Signif. codes:  0 `***' 0.001 `**' 0.01 `*' 0.05 `.' 0.1 ` ' 1

 

Residual standard error: 77.53 on 22 degrees of freedom

Multiple R-Squared: 0.5384,     Adjusted R-squared: 0.4964

F-statistic: 12.83 on 2 and 22 DF,  p-value: 0.0002028

Put the two parallel regression on the plot:

> abline(44.298,4.7116)
> abline(44.298+80.393,4.7116,lty=2)

Check out the diagnostics:

> par(mfrow=c(2,2))
> plot(g)

 

Suppose you want to perform an analysis of covariance. You can do it as follows:

> g2 <- lm(y~x, cathedral)
> anova(g1, g2)

Analysis of Variance Table

 

Model 1: y ~ x + style

Model 2: y ~ x

  Res.Df    RSS Df Sum of Sq      F  Pr(>F) 

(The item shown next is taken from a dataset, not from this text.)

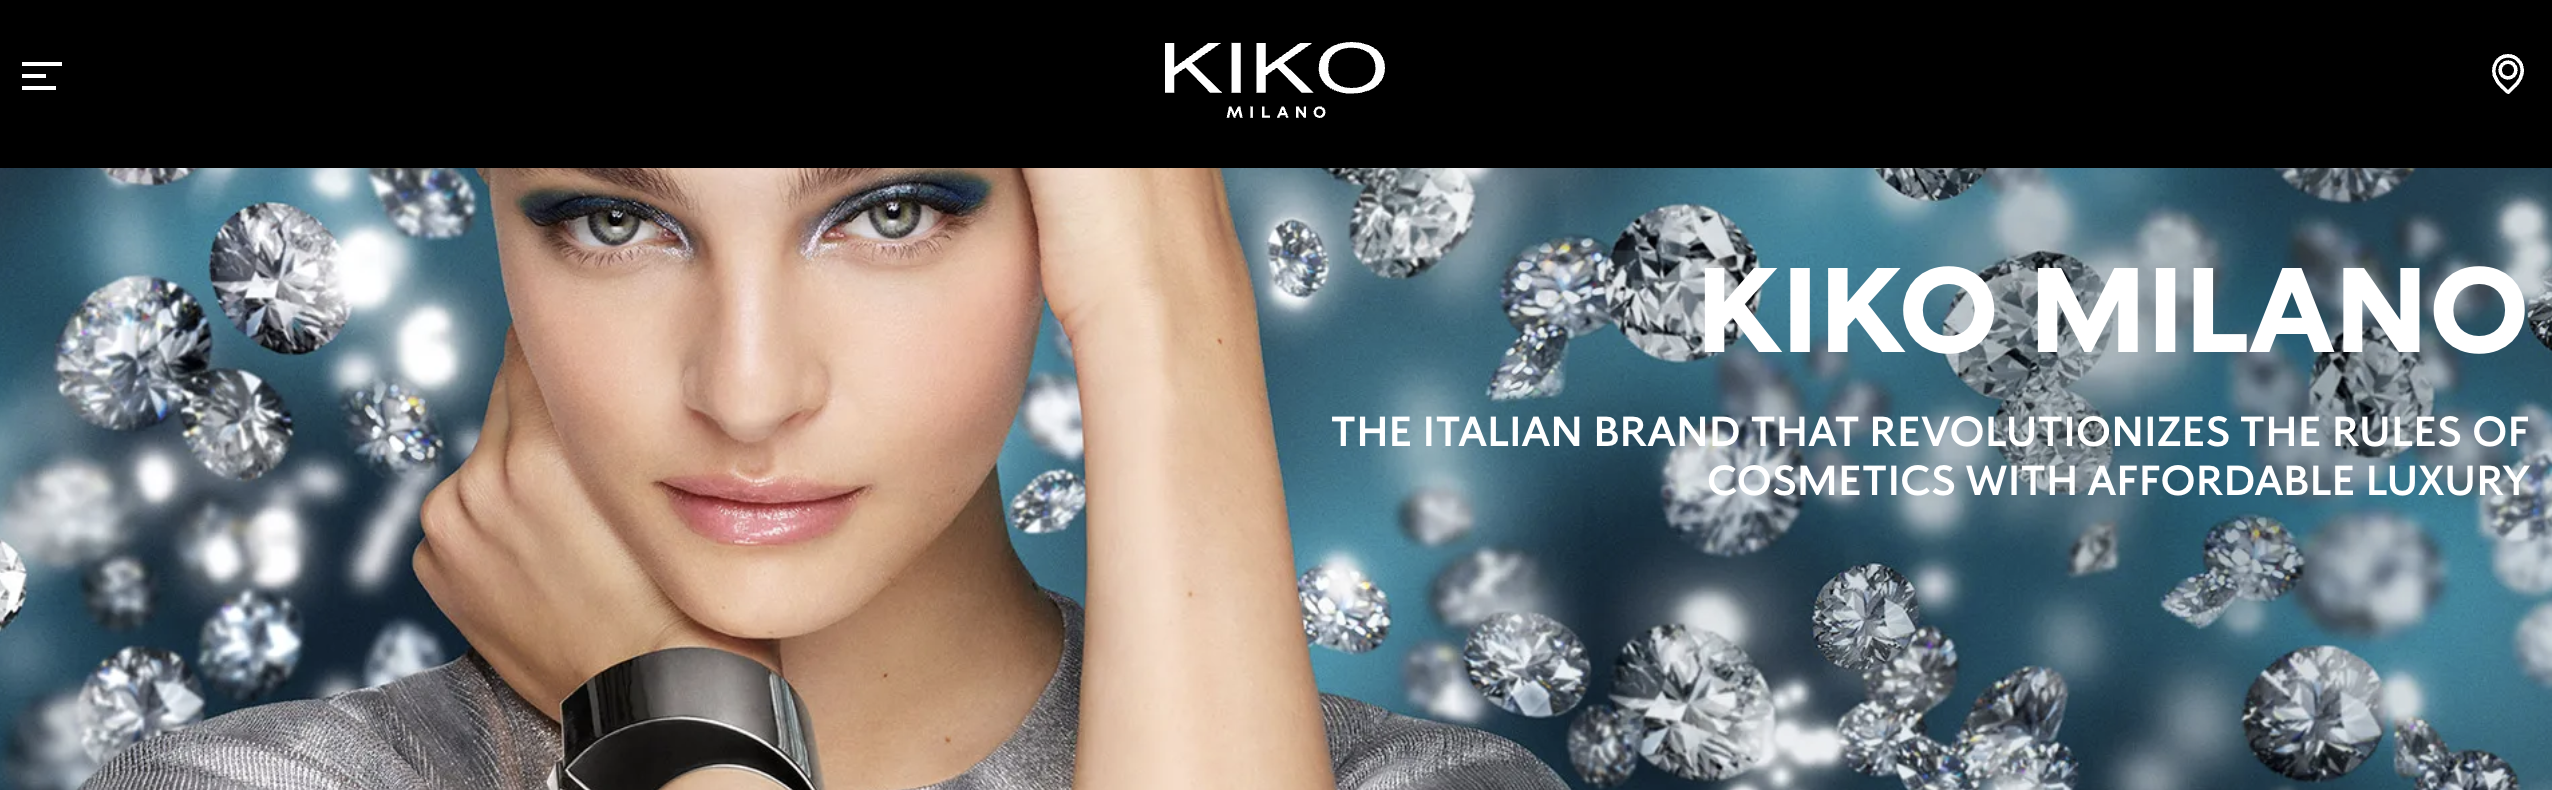 传：意大利美妆品牌 Kiko 或以20亿欧元的估值被出售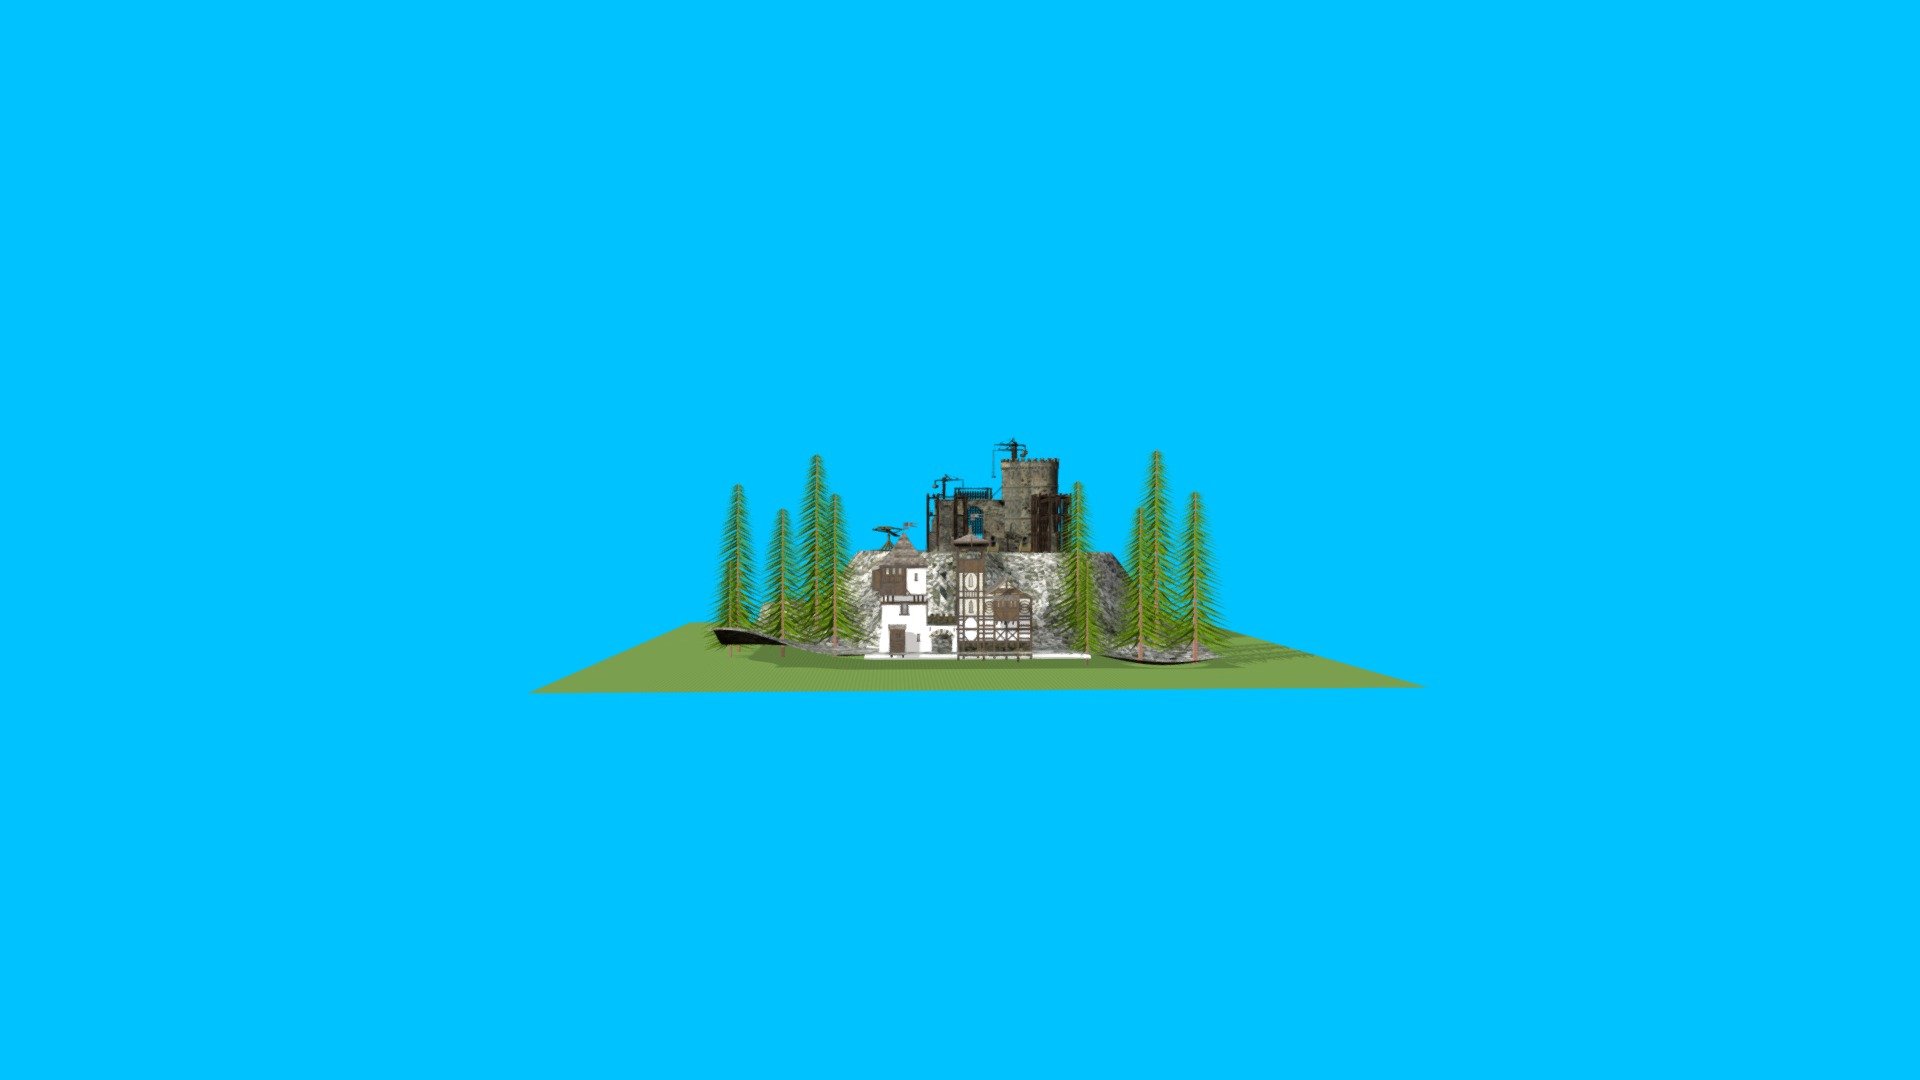 Medieval Castle Project Test for VR / MR

1     22 132223                             

2     23 169440 -1    -37217 6.1924 0.02089 *

---

Signif. codes:  0 '***' 0.001 '**' 0.01 '*' 0.05 '.' 0.1 ' ' 1

 


Polytomous predictor (Reading: Faraway (2005), 13.2, 13.3)

 

Let's read in and take a look at the data:

> twins <- read.table("twin.data",header=T)
> twins 

   Foster Biological Social

1      82         82   high

...deleted...

7     132        131   high

8      71         78 middle

...deleted...

13    111        107 middle

14     63         68    low

...deleted...

27     98        111    low

> plot(twins$B,twins$F,type="n",xlab="Biological IQ",ylab="Foster IQ")
> text(twins$B,twins$F,substring(as.character(twins$S),1,1))

The most general model we'll consider is to fit separate lines for each groups:

> g <- lm(Foster ~ Biological*Social, twins)
> summary(g)

Coefficients:

                         Estimate Std. Error t value Pr(>|t|)   

(Intercept)             -1.872044  17.808264  -0.105    0.917   

Biological               0.977562   0.163192   5.990 6.04e-06 ***

Sociallow                9.076654  24.448704   0.371    0.714    

Socialmiddle             2.688068  31.604178   0.085    0.933   

Biological:Sociallow    -0.029140   0.244580  -0.119    0.906   

Biological:Socialmiddle -0.004995   0.329525  -0.015    0.988   

---

Signif. codes:  0 `***' 0.001 `**' 0.01 `*' 0.05 `.' 0.1 ` ' 1

 

Residual standard error: 7.921 on 21 degrees of freedom

Multiple R-Squared: 0.8041,     Adjusted R-squared: 0.7574

F-statistic: 17.24 on 5 and 21 DF,  p-value: 8.31e-07

 

Plot the regression line on the plot:

> abline(gs$coef)

Check the diagnostics:

> par(mfrow=c(2,2))
> plot(gr)
It shows no cause for concern. The final model is:

> summary(gs)

Coefficients:

            Estimate Std. Error t value Pr(>|t|)   

(Intercept)  9.20760    9.29990   0.990    0.332   

Biological   0.90144    0.09633   9.358 1.20e-09 ***

---

Signif. codes:  0 `***' 0.001 `**' 0.01 `*' 0.05 `.' 0.1 ` ' 1

 

Residual standard error: 7.729 on 25 degrees of freedom

Multiple R-Squared: 0.7779,     Adjusted R-squared: 0.769

F-statistic: 87.56 on 1 and 25 DF,  p-value: 1.204e-09

 

In the analysis, we adopt the treatment coding (it's easier for interpreting the parameters):

> contr.treatment(3)

  2 3

1 0 0

2 1 0

3 0 1

There are various codings you can choose if you fell they are more reasonable for your data, such as the Helmert coding:

> contr.helmert(3)

  [,1] [,2] 
1   -1   -1
2    1   -1
3    0    2

and the sum coding:

> contr.sum(3)

  [,1] [,2]

1    1    0

2    0    1

3   -1   -1

Once you decide your coding, you can use it by changing the "contrasts" setting in "options".